Records for this exercise Block Start

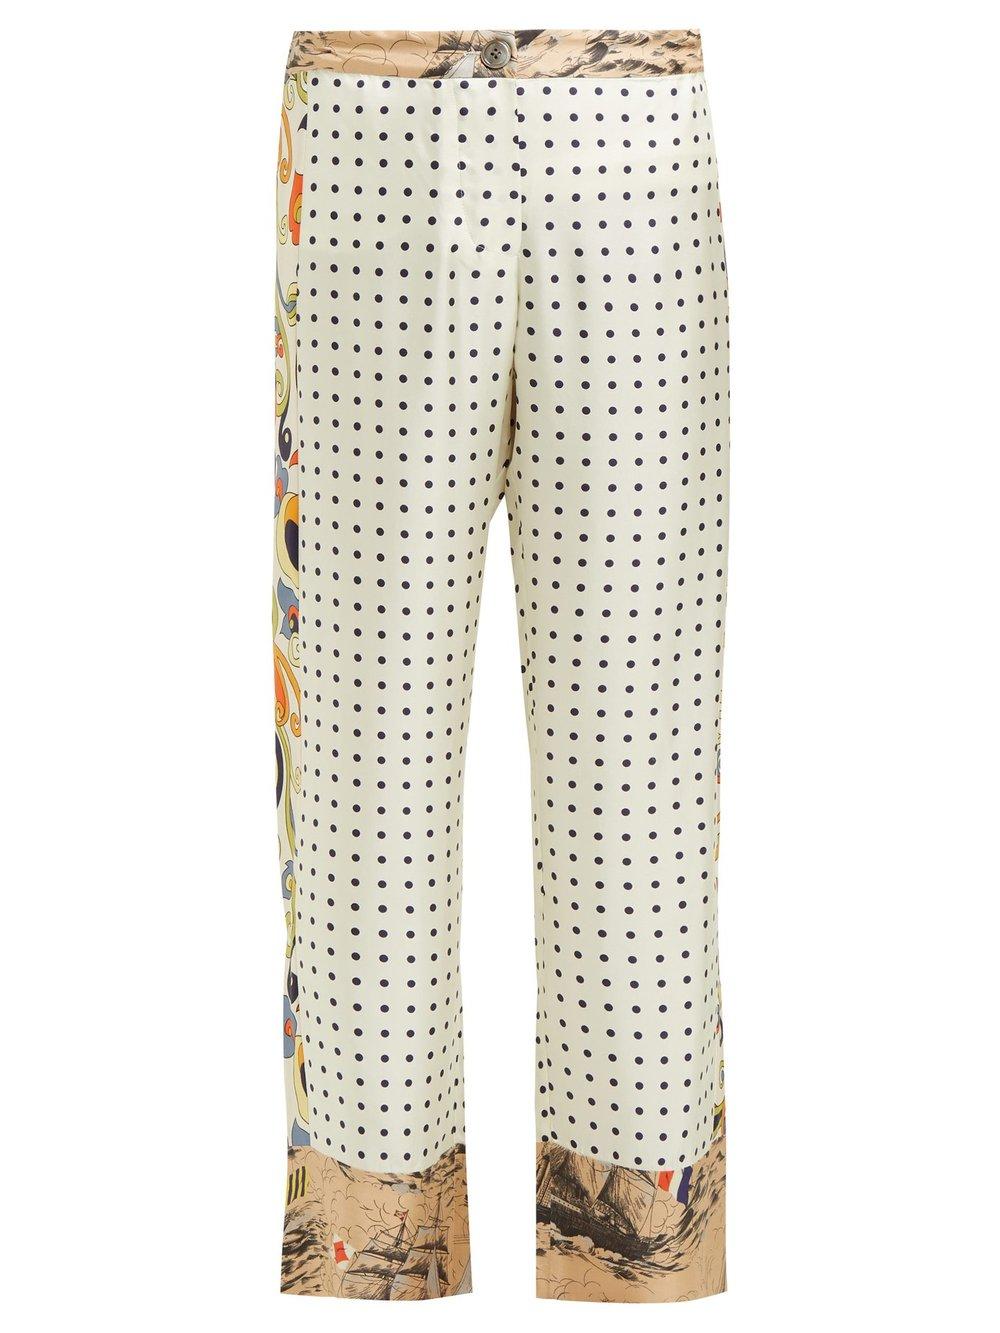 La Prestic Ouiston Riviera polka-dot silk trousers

Records for this exercise Block End
Records for this exercise Block Start

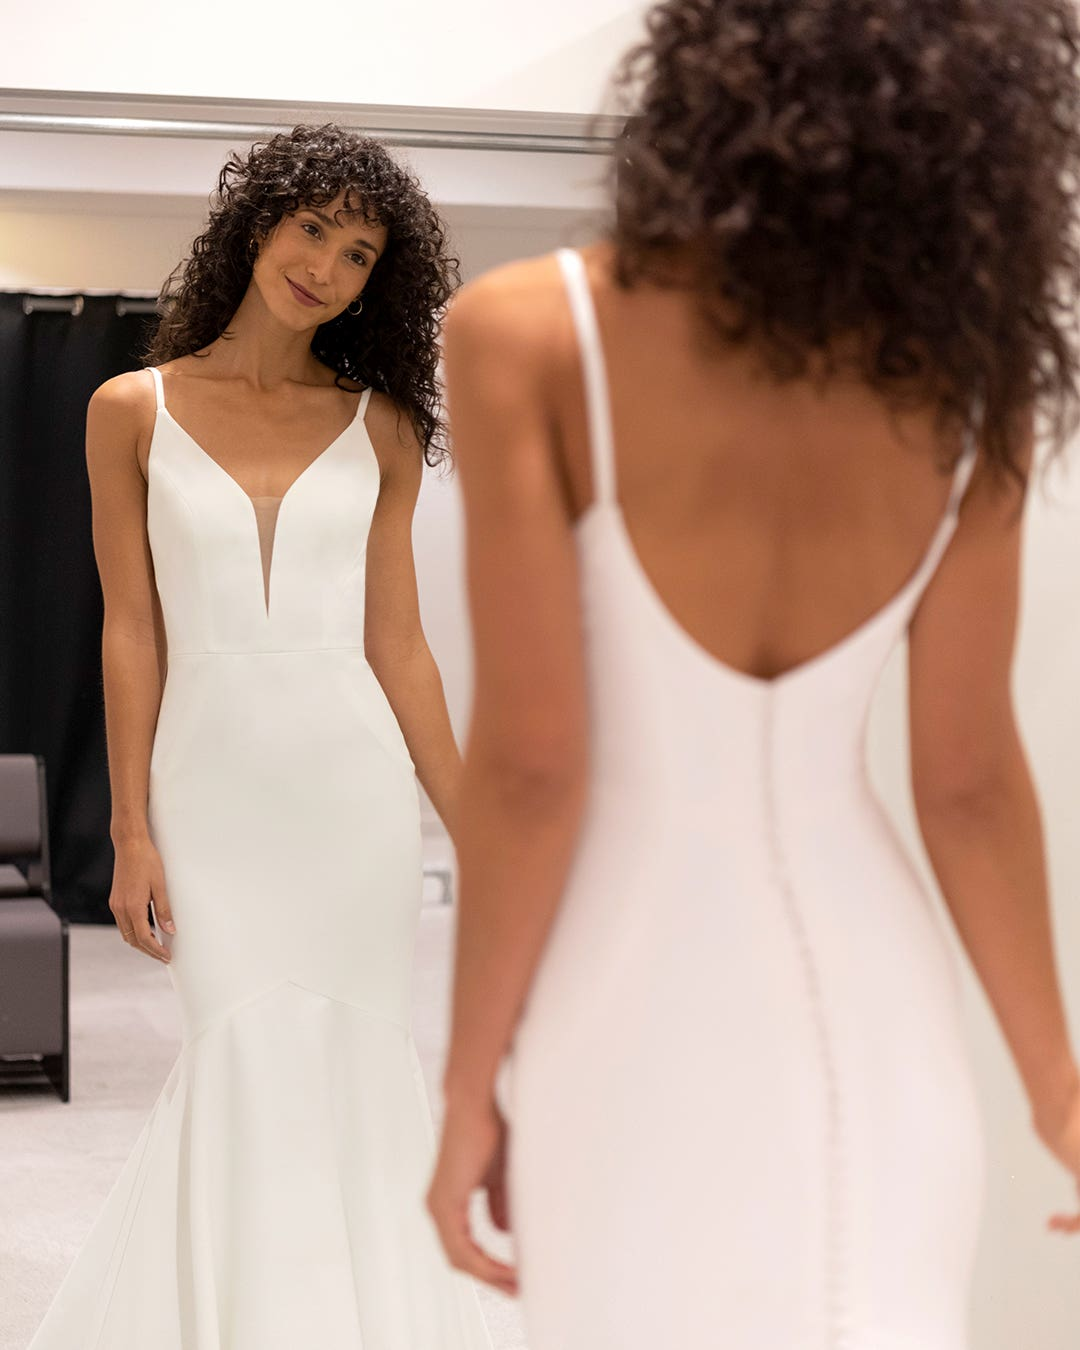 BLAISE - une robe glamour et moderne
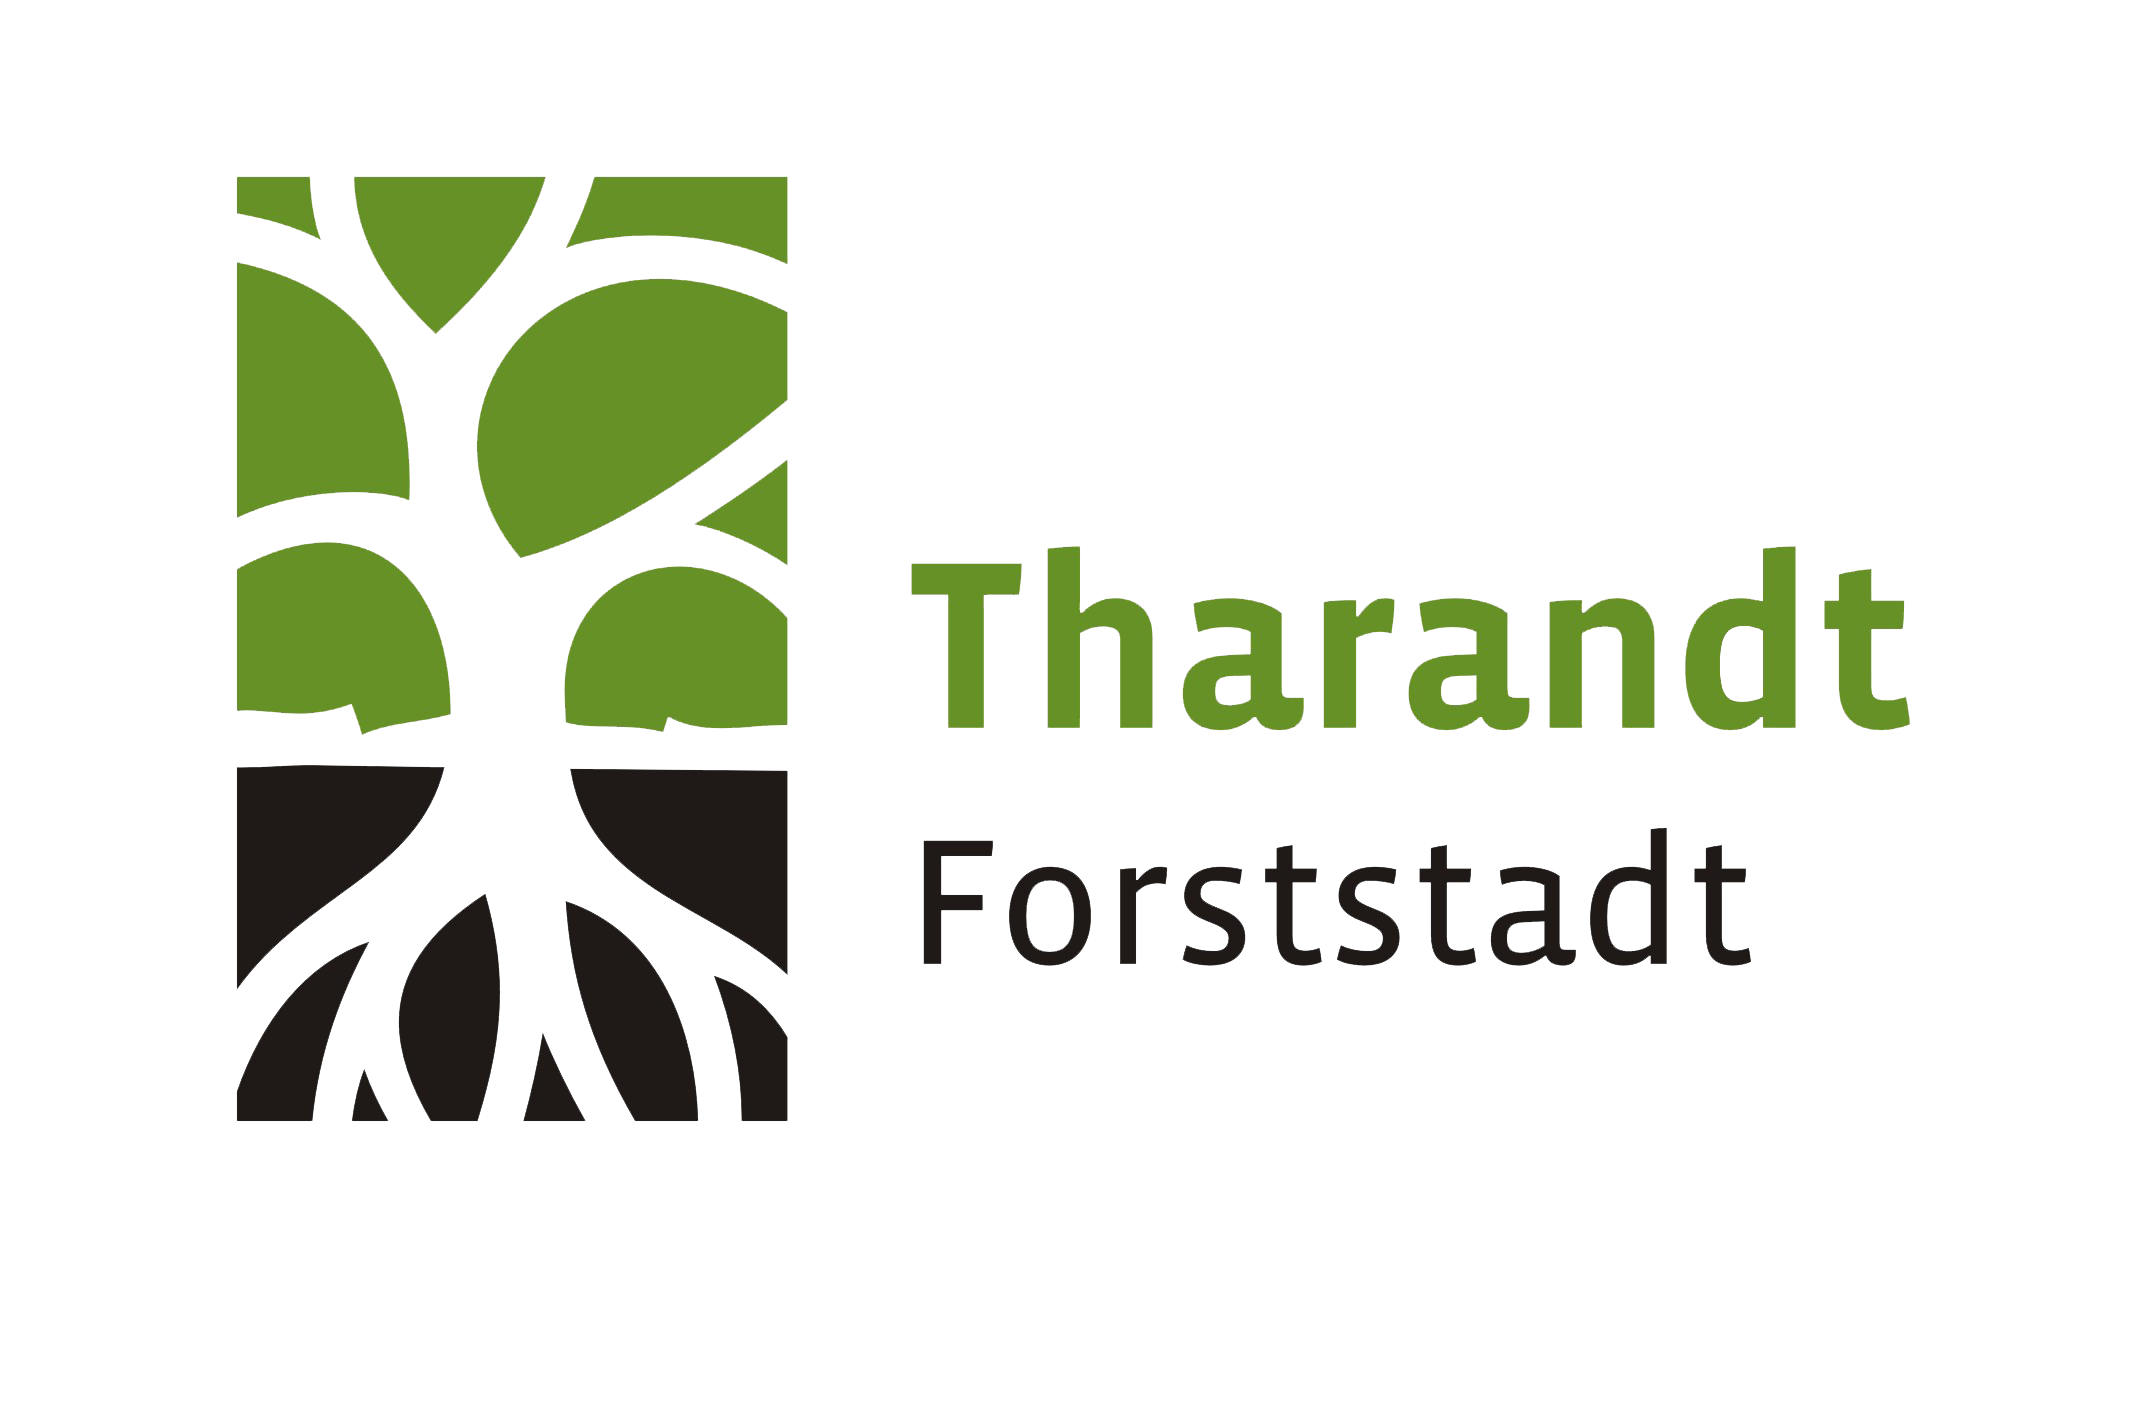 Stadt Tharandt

Records for this exercise Block End

### Goal of the exercise
Look above for the line with "BLAISE - une robe glamour et moderne" and the line with "Stadt Tharandt", then copy them and all lines in between exactly as written, and only those, without any pictures.

### Exercise output
 BLAISE - une robe glamour et moderne
 Stadt Tharandt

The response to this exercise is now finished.